> [ASSIGNED TASK]
Only certain lines below are wanted: those starting at the line containing "Beautiful and decorative" and ending at the line containing "Onewheel Jump and", both included, each retyped exactly.

> [SUPPLIED INFORMATION]
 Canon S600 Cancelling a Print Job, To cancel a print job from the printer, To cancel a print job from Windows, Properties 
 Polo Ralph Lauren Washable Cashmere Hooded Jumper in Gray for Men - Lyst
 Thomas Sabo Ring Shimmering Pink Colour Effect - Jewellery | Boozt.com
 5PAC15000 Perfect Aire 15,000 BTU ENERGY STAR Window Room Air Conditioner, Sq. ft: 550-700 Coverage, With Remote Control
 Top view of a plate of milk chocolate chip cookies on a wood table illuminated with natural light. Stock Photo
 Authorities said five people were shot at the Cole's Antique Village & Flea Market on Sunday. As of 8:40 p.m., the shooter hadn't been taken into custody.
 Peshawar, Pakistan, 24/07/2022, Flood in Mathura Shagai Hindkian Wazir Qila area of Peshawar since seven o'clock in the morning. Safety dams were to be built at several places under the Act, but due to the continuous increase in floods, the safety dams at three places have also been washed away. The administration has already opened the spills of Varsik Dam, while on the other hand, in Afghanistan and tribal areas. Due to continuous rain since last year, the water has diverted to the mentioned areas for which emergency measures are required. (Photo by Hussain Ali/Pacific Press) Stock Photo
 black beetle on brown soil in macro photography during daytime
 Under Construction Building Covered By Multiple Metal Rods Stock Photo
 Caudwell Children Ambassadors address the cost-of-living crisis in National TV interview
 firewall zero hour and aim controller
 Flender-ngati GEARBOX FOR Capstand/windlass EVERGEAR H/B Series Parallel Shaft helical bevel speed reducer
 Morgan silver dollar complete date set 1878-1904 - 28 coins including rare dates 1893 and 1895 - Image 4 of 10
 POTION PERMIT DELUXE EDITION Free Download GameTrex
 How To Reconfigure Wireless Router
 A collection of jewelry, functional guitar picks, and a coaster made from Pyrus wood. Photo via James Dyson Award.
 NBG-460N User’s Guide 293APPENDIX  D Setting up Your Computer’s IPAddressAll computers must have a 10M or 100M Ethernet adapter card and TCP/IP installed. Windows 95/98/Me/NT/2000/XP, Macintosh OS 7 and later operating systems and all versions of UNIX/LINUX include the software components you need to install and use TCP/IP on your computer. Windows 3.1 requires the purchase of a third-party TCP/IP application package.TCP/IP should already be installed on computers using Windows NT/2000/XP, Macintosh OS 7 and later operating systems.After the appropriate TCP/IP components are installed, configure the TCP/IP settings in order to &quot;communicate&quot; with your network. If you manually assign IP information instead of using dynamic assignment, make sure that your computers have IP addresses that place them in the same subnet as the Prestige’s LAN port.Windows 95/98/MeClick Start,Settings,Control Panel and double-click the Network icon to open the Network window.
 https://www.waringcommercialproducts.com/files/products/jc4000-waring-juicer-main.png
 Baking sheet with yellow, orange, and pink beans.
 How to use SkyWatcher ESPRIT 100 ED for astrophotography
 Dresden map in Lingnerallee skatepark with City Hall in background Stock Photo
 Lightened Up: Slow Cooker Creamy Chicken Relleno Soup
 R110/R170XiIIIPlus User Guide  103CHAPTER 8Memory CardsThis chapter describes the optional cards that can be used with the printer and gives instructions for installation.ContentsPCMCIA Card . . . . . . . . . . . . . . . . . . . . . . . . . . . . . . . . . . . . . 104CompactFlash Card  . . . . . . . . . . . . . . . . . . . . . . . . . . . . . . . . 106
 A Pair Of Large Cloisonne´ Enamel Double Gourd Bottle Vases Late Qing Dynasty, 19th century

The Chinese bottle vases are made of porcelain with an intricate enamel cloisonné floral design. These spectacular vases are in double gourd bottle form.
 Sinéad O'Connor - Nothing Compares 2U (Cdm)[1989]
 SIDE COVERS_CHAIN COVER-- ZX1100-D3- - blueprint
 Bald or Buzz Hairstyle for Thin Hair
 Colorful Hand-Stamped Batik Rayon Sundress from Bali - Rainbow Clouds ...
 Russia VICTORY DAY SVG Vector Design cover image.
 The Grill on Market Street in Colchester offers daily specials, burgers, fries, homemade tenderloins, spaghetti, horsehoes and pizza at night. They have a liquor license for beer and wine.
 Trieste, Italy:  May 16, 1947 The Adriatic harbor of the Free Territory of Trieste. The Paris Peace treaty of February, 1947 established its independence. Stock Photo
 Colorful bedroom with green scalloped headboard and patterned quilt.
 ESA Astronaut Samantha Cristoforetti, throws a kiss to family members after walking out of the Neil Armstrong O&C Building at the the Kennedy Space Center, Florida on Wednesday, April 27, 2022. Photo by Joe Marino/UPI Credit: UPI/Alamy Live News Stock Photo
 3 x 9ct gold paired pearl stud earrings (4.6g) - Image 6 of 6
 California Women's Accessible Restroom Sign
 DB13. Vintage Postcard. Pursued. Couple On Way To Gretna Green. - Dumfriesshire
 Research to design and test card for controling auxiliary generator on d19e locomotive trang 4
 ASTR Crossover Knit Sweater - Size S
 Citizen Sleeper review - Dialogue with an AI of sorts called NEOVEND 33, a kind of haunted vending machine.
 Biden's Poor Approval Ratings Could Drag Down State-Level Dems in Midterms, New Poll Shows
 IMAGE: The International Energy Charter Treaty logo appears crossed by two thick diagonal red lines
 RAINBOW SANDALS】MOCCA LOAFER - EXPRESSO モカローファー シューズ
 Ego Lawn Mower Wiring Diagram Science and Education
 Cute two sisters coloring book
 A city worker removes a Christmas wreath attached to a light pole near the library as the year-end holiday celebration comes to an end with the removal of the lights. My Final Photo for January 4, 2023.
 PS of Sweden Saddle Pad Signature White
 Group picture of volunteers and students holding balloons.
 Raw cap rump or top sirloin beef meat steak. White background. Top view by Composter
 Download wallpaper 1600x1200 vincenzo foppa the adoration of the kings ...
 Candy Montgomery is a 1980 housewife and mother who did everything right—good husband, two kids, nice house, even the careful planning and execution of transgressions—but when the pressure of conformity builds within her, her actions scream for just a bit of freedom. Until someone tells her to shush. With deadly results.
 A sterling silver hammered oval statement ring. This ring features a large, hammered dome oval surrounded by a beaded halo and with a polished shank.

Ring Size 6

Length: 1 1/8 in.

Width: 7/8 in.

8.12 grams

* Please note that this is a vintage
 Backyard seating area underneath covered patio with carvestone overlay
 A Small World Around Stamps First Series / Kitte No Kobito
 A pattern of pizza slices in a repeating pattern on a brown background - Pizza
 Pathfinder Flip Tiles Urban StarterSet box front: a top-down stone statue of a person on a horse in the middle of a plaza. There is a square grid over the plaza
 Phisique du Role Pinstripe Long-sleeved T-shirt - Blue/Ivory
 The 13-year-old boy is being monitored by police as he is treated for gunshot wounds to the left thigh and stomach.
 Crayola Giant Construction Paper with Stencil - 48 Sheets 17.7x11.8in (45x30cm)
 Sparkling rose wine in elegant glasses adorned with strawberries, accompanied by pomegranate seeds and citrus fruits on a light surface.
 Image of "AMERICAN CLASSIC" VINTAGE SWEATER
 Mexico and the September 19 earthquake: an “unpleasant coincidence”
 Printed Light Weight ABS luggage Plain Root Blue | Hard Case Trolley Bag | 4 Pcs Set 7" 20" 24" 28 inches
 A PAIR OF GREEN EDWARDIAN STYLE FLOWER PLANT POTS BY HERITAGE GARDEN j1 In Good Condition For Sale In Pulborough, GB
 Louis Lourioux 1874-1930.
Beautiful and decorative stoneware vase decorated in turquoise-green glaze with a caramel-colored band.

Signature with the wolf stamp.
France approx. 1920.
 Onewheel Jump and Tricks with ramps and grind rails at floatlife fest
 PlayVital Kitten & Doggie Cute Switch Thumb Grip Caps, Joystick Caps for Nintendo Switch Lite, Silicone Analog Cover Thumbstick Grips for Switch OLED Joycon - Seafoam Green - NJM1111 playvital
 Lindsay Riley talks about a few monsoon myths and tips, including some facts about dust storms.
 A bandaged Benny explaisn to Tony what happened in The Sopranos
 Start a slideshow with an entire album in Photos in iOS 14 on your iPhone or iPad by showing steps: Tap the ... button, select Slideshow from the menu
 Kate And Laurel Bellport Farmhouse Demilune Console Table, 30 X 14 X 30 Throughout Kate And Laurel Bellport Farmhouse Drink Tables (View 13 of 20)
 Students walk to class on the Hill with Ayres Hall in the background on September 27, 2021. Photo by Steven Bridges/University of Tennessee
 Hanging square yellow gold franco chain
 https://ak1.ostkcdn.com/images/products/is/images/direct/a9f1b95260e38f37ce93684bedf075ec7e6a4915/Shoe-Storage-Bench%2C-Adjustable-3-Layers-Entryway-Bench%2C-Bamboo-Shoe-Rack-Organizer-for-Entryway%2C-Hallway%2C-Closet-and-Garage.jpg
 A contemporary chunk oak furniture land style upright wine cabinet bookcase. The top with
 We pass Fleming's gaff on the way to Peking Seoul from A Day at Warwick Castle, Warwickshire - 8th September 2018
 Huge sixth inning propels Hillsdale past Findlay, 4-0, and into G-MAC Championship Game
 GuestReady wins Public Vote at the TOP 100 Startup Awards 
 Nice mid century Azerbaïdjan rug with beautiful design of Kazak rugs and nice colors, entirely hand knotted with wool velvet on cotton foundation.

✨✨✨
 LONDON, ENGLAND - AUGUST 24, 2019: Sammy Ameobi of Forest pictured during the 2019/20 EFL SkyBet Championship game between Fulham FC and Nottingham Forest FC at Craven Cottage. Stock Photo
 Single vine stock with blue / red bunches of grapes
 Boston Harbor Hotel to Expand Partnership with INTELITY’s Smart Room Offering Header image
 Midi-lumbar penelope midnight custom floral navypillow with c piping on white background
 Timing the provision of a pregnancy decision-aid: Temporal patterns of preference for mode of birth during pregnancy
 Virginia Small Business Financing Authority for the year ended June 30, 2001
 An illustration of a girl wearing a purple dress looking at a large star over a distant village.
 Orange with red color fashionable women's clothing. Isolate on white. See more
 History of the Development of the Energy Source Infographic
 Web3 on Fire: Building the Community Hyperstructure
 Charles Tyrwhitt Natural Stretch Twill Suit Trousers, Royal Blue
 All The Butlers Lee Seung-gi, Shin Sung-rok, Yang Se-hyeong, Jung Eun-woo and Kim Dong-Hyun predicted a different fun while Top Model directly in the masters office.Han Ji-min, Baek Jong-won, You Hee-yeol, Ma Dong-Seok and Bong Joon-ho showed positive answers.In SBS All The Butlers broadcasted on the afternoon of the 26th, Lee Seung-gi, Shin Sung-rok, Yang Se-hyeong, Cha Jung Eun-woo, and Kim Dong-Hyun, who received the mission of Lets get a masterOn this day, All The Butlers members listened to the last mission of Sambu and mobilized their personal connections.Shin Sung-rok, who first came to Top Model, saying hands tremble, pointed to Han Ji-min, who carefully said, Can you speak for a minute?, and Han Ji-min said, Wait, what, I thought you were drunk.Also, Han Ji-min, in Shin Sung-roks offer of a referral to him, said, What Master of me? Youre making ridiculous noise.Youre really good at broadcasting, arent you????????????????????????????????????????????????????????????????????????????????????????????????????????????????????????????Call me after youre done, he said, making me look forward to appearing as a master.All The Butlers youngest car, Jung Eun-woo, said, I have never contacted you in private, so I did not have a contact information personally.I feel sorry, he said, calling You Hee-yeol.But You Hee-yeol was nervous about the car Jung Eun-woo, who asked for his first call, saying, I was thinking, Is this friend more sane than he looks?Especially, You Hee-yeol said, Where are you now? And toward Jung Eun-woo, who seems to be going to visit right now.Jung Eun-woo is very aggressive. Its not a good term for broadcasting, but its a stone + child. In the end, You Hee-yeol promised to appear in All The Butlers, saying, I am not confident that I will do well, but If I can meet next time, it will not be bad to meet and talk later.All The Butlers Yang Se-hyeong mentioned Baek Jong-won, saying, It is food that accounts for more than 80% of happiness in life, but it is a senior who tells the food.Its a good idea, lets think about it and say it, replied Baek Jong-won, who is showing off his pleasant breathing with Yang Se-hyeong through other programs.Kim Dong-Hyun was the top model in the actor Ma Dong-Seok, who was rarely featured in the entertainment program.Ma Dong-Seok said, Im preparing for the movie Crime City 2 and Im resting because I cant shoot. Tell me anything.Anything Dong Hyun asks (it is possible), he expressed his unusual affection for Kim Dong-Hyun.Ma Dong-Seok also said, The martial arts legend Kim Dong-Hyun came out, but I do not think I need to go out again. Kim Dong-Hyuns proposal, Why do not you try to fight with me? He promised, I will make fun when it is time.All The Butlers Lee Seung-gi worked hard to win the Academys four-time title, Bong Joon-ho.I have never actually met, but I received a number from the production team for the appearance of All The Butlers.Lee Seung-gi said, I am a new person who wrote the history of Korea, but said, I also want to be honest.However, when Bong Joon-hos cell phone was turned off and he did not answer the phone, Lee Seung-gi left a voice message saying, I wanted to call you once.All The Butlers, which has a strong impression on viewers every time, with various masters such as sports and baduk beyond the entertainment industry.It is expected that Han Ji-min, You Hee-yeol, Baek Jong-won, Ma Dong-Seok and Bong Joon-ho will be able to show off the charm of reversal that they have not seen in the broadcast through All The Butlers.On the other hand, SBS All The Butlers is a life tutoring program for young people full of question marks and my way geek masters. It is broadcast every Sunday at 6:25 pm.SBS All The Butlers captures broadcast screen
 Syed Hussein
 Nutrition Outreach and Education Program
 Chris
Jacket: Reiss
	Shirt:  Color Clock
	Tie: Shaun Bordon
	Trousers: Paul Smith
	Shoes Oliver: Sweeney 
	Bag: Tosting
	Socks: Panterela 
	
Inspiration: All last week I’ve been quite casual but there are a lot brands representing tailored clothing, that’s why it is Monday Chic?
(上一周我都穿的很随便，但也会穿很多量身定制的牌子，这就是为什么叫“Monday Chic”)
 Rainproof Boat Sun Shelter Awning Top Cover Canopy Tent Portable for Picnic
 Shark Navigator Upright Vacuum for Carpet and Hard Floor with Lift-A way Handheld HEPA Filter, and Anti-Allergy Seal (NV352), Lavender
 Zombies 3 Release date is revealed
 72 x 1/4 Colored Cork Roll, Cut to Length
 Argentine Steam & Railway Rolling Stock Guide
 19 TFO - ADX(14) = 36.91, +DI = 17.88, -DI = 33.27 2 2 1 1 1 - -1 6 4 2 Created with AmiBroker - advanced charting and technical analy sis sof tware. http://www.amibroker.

> [RESPONSE TO THE EXERCISE]
Beautiful and decorative stoneware vase decorated in turquoise-green glaze with a caramel-colored band.

Signature with the wolf stamp.
France approx. 1920.
 Onewheel Jump and Tricks with ramps and grind rails at floatlife fest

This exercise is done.